Identifying Potential Gene Defect Patterns Related to COVID-19 Based on Pharmacological and Bioinformatics Analysis for Lung Adenocarcinoma

Abstract

Background: Coronavirus disease 2019 (COVID-19) greatly affects cancer patients, especially those with lung cancer. This study aimed to identify potential drug targets for lung adenocarcinoma (LUAD) patients with COVID-19. Methods: LUAD samples were obtained from public databases. Differentially expressed genes (DEGs) related to COVID-19 were screened. Protein–protein interactions among COVID-19-related genes, the traditional Chinese medicine (TCM) and TCM target genes were analyzed by CytoScape. The correlation between tumor microenvironment and COVID-19 target genes were assessed by Pearson correlation analysis.
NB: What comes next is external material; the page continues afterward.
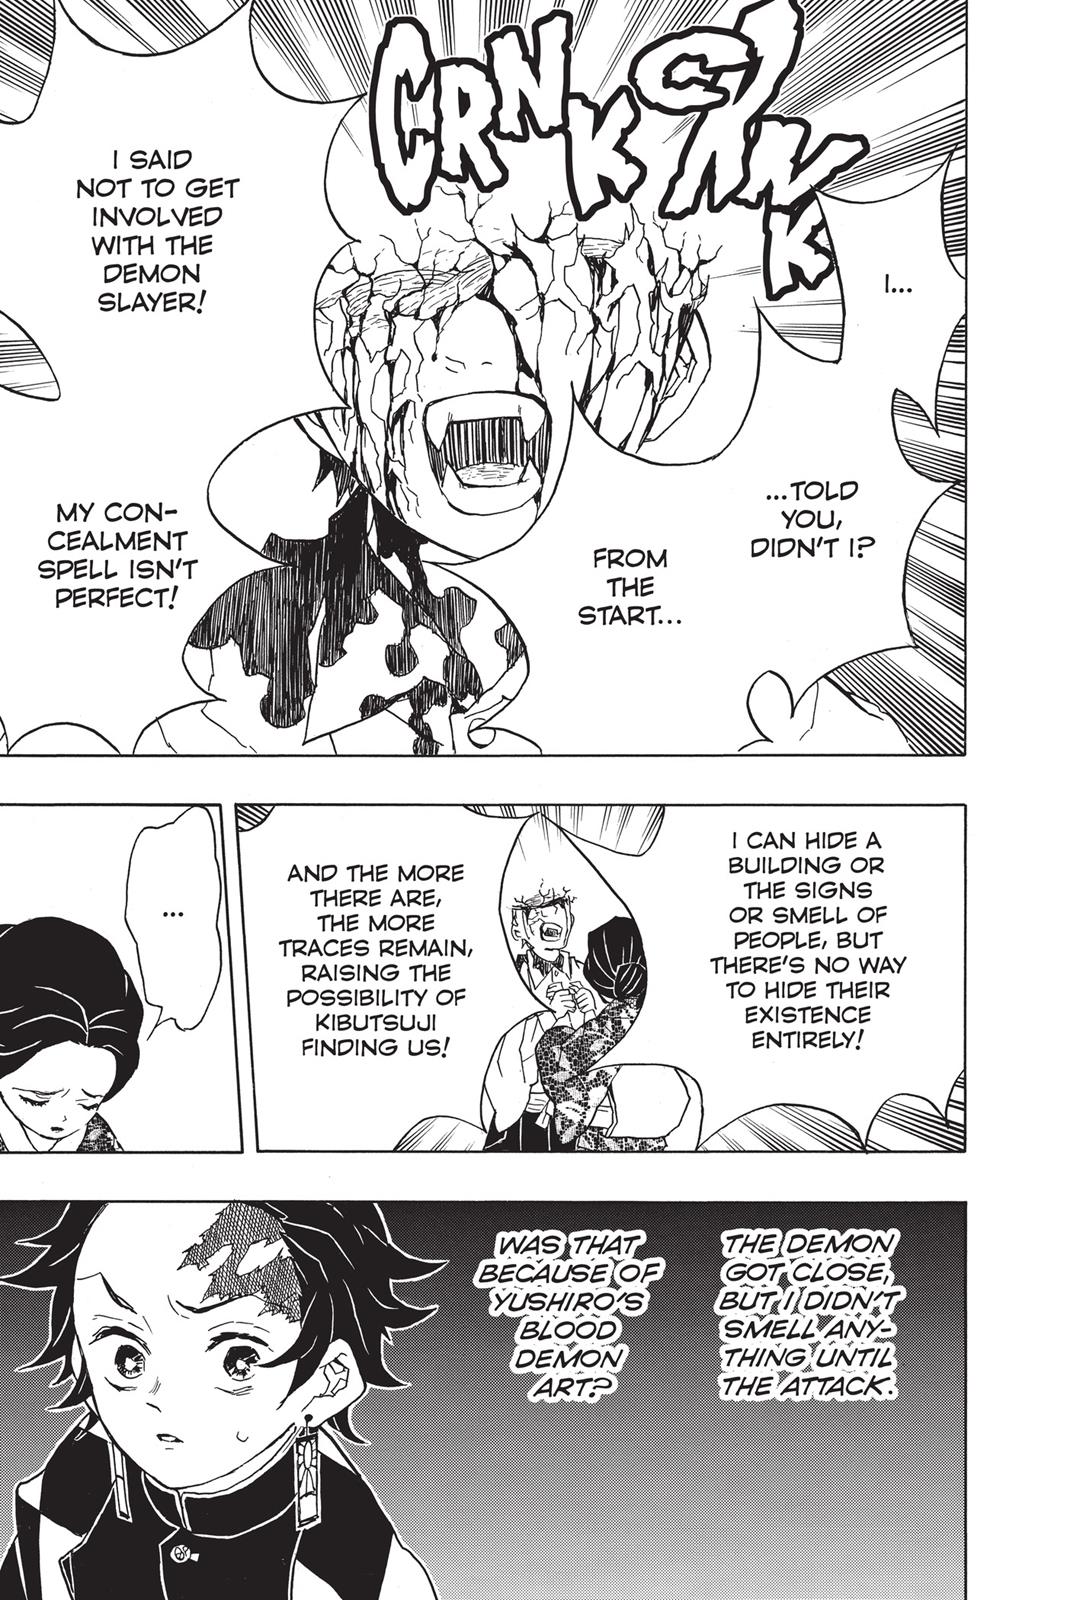 Demon Slayer Manga Manga Chapter - 16 - image 13

Unsupervised consensus clustering was conducted to categorize molecular subtypes. Results: We filtered 26 COVID-19 target genes related to TCM for LUAD. Interleukin (IL)-17 signaling pathway and tumor necrosis factor (TNF) signaling pathway were significantly enriched in these 26 genes. A strong correlation was found between COVID-19 target genes and tumor microenvironment (TME), cell death. Importantly, interleukin-1beta (IL1B) was identified as a core gene in the protein–protein interactions (PPI) network. Based on the 26 target genes, two molecular subtypes showing distinct overall survival, TME and response to target therapy were developed. Conclusions: This study explored 26 COVID-19 target genes, which could serve as potential therapeutic drug targets for LUAD. IL1B was verified as a critical target for developing new molecular drugs. Furthermore, two novel molecular subtypes showed the potential to guide personalized therapies in clinical practice.